#### DATASET CONTENT

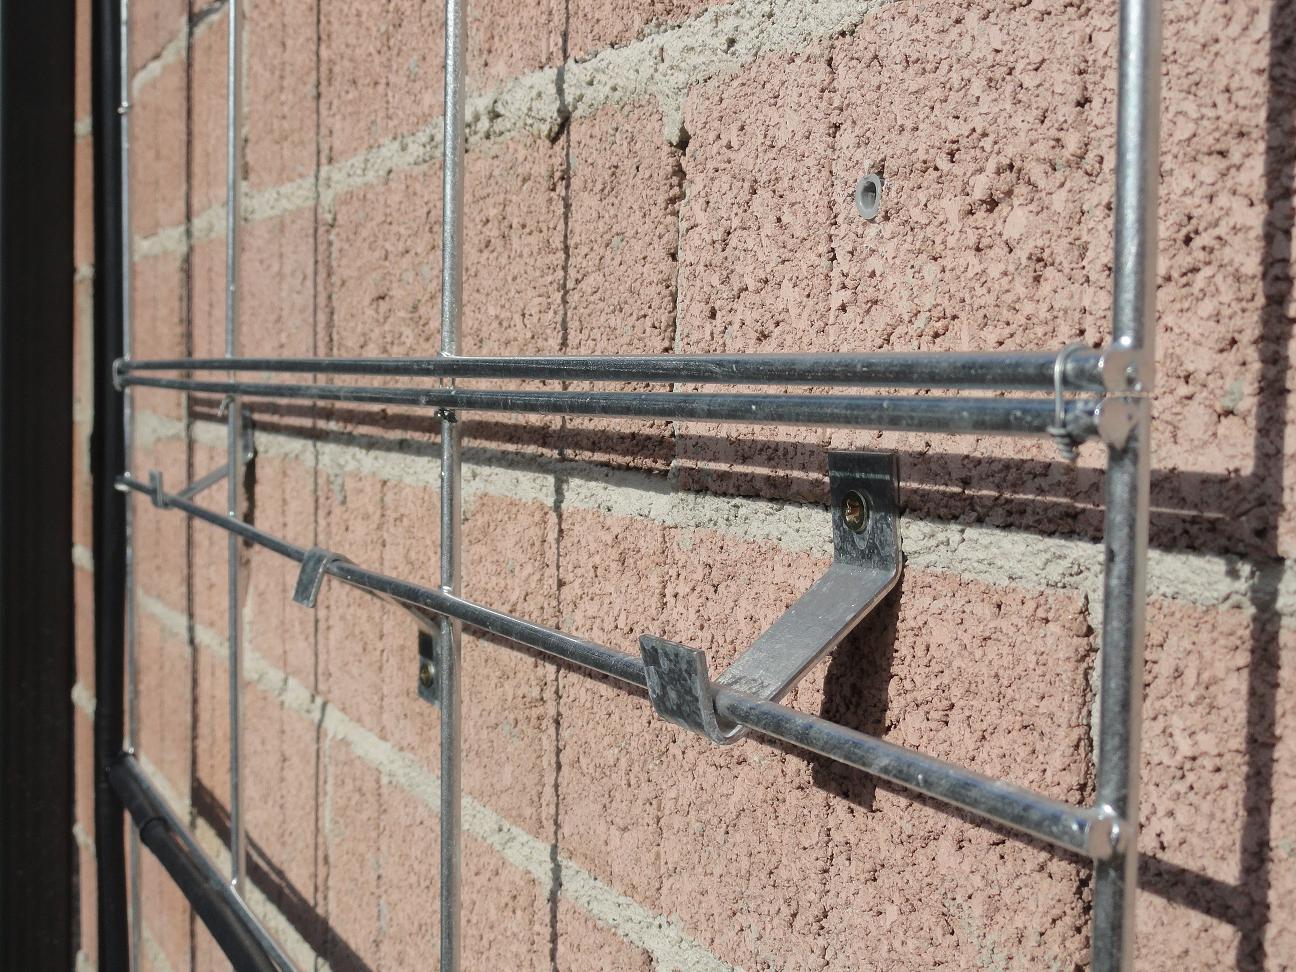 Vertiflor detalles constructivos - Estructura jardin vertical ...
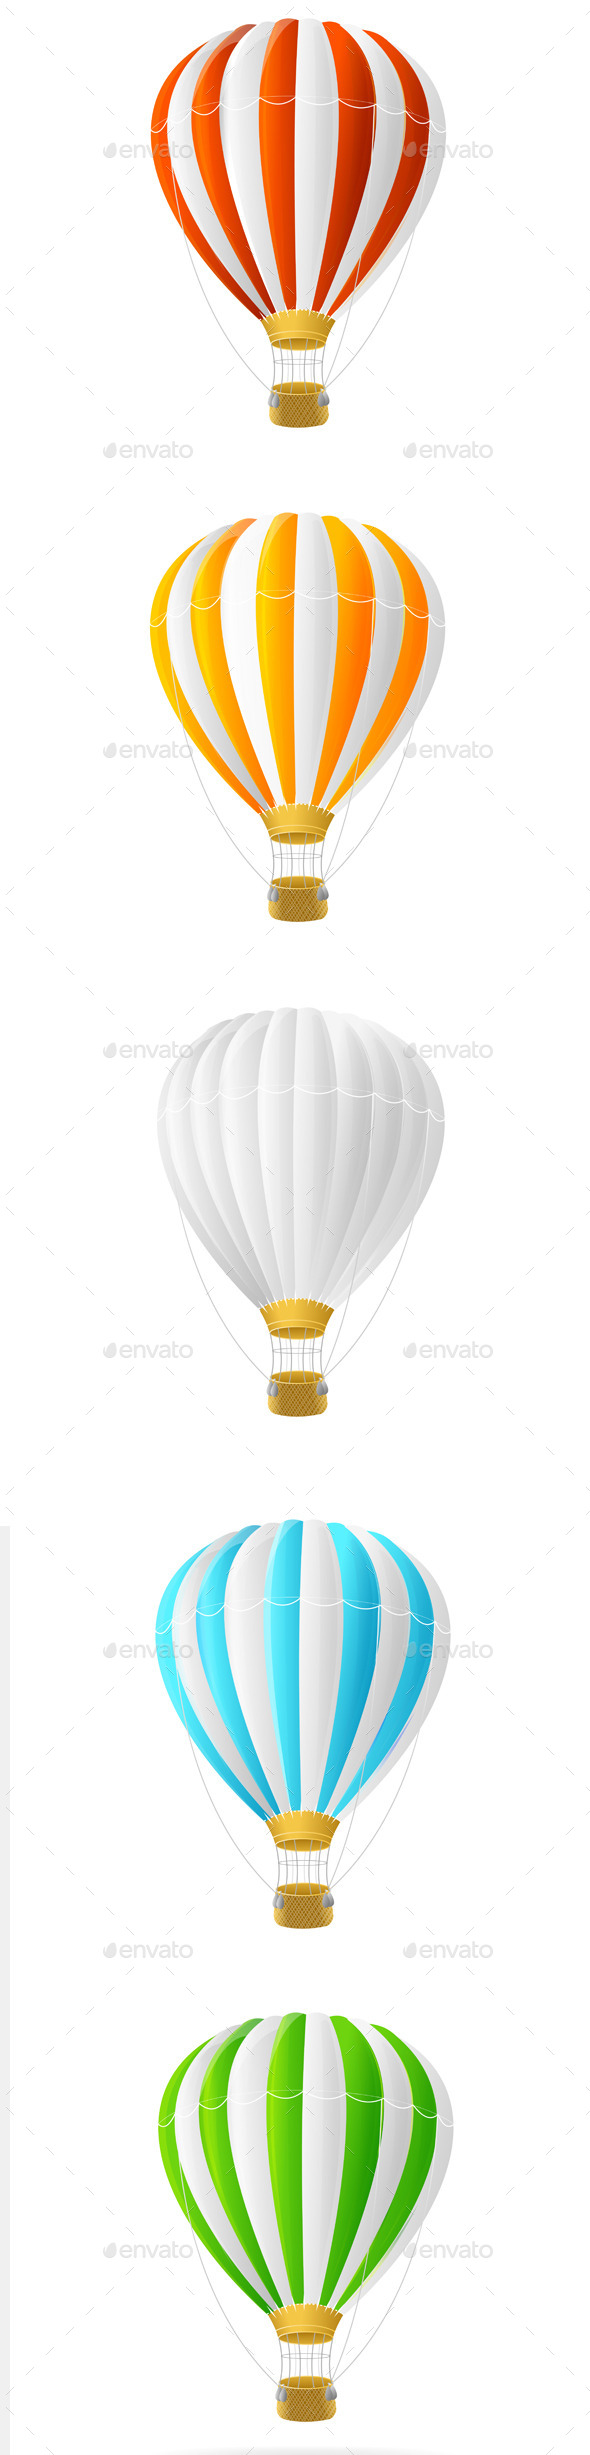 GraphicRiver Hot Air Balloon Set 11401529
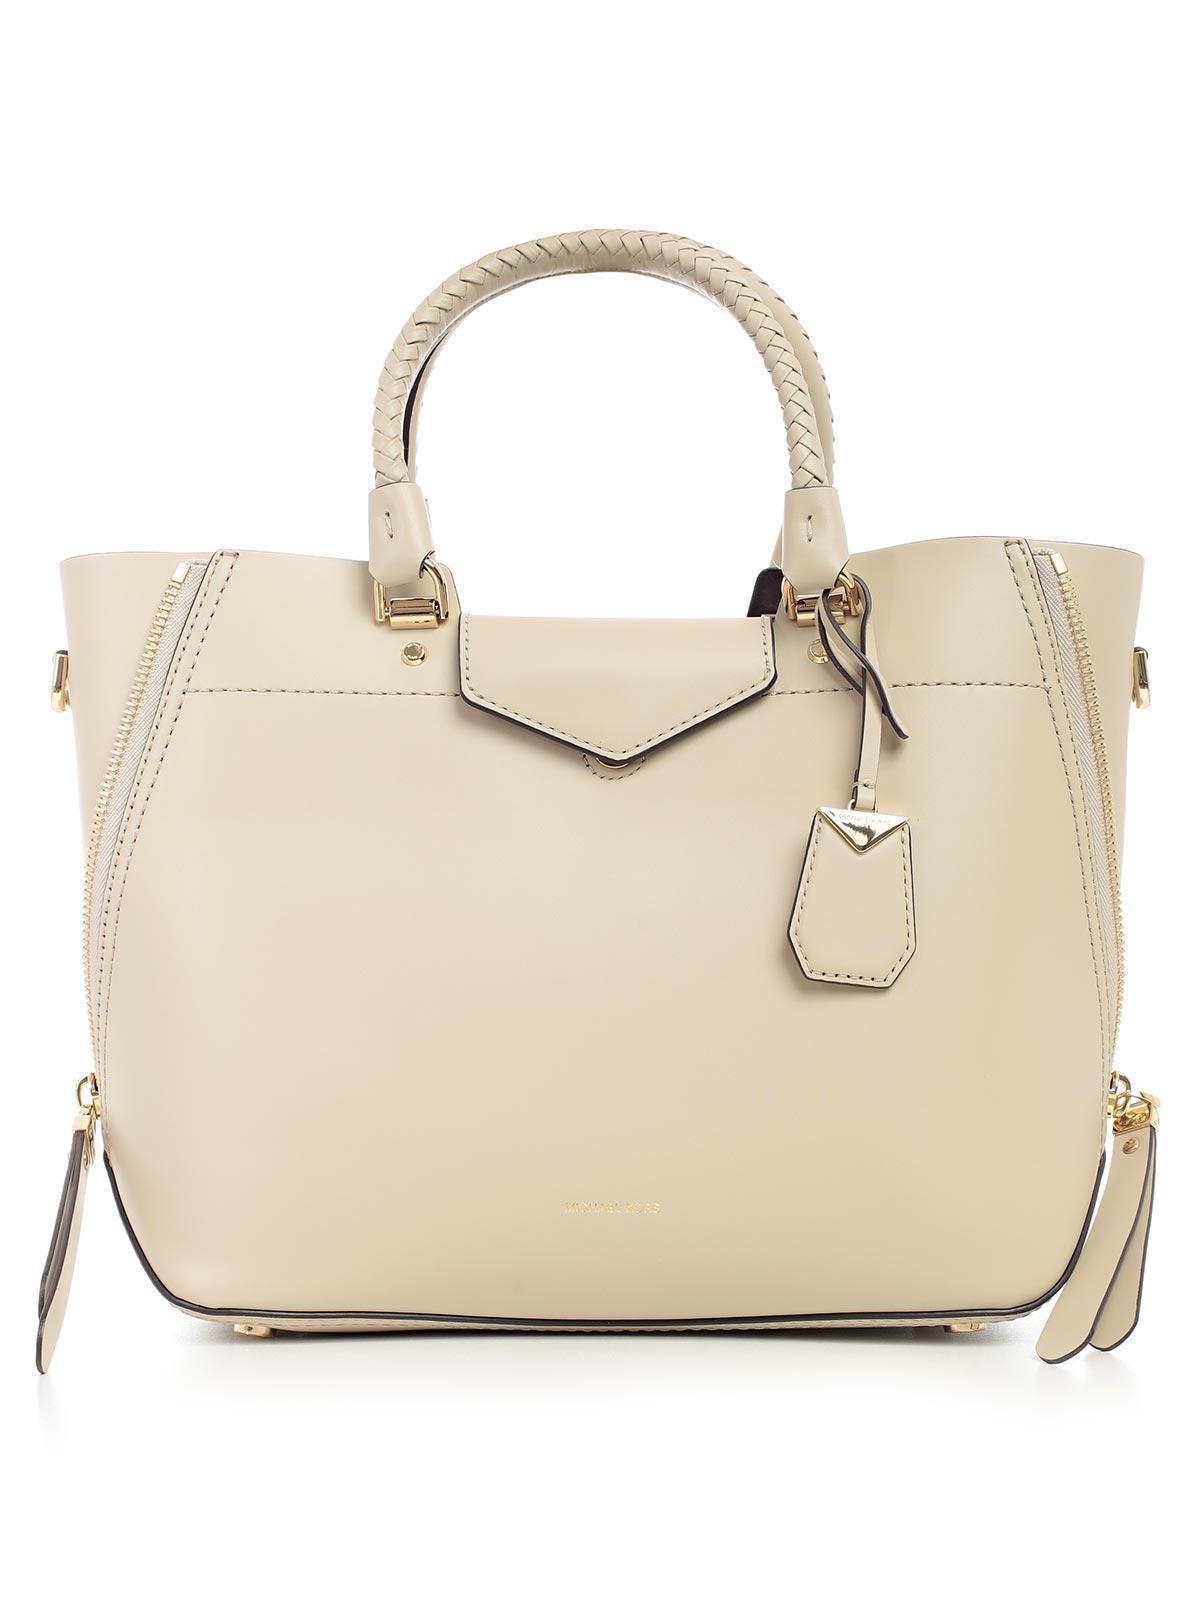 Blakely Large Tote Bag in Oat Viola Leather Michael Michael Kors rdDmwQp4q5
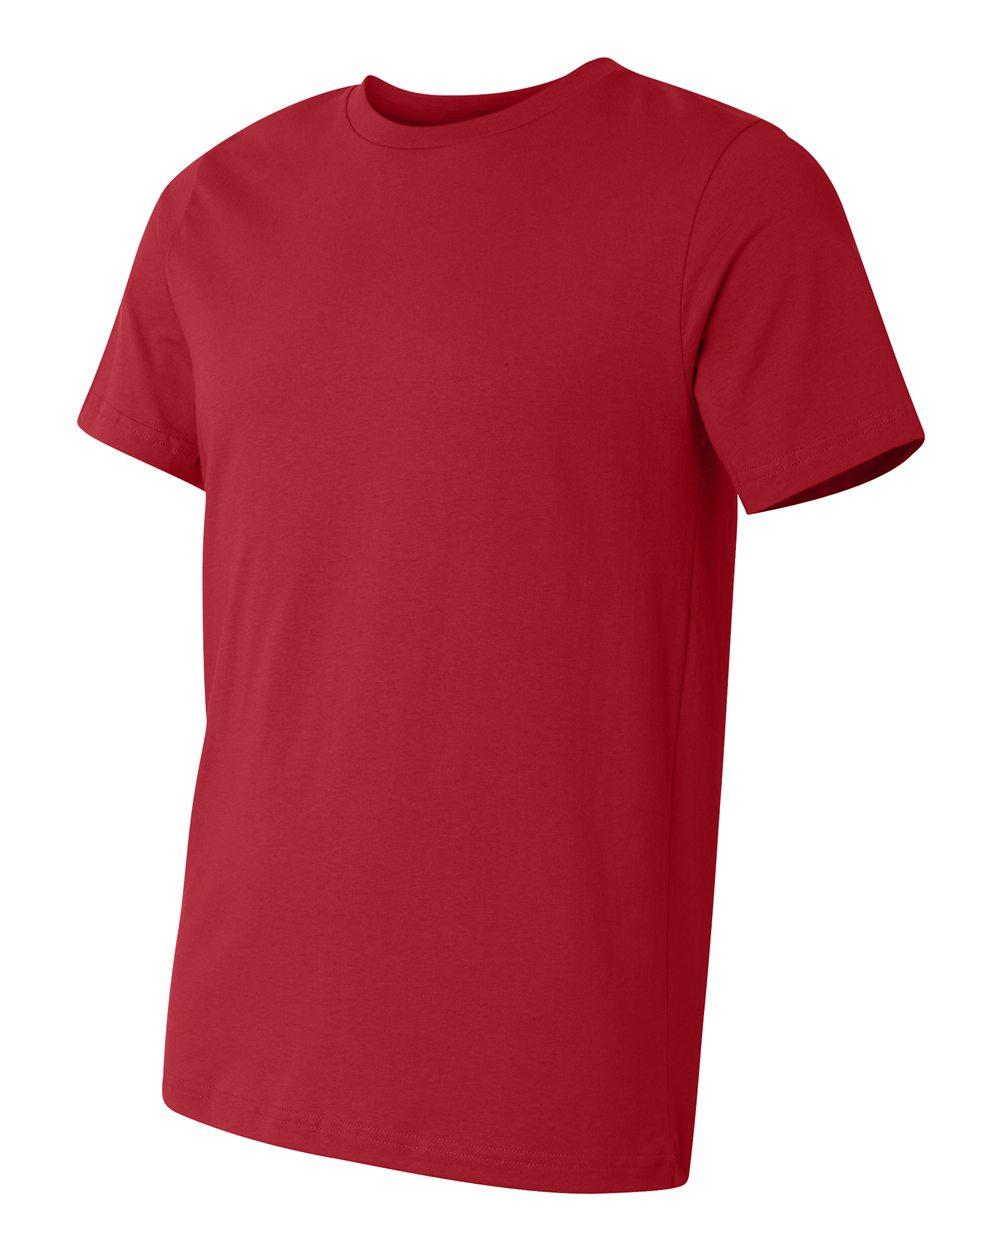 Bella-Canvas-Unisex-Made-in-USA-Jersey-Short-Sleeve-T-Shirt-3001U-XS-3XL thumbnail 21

########

_WHAT TO DO_. The expected output is the complete listing, word for word, without any picture.

_RESULT OF THE EXERCISE_.
 Vertiflor detalles constructivos - Estructura jardin vertical ...
 GraphicRiver Hot Air Balloon Set 11401529
 Blakely Large Tote Bag in Oat Viola Leather Michael Michael Kors rdDmwQp4q5
 Bella-Canvas-Unisex-Made-in-USA-Jersey-Short-Sleeve-T-Shirt-3001U-XS-3XL thumbnail 21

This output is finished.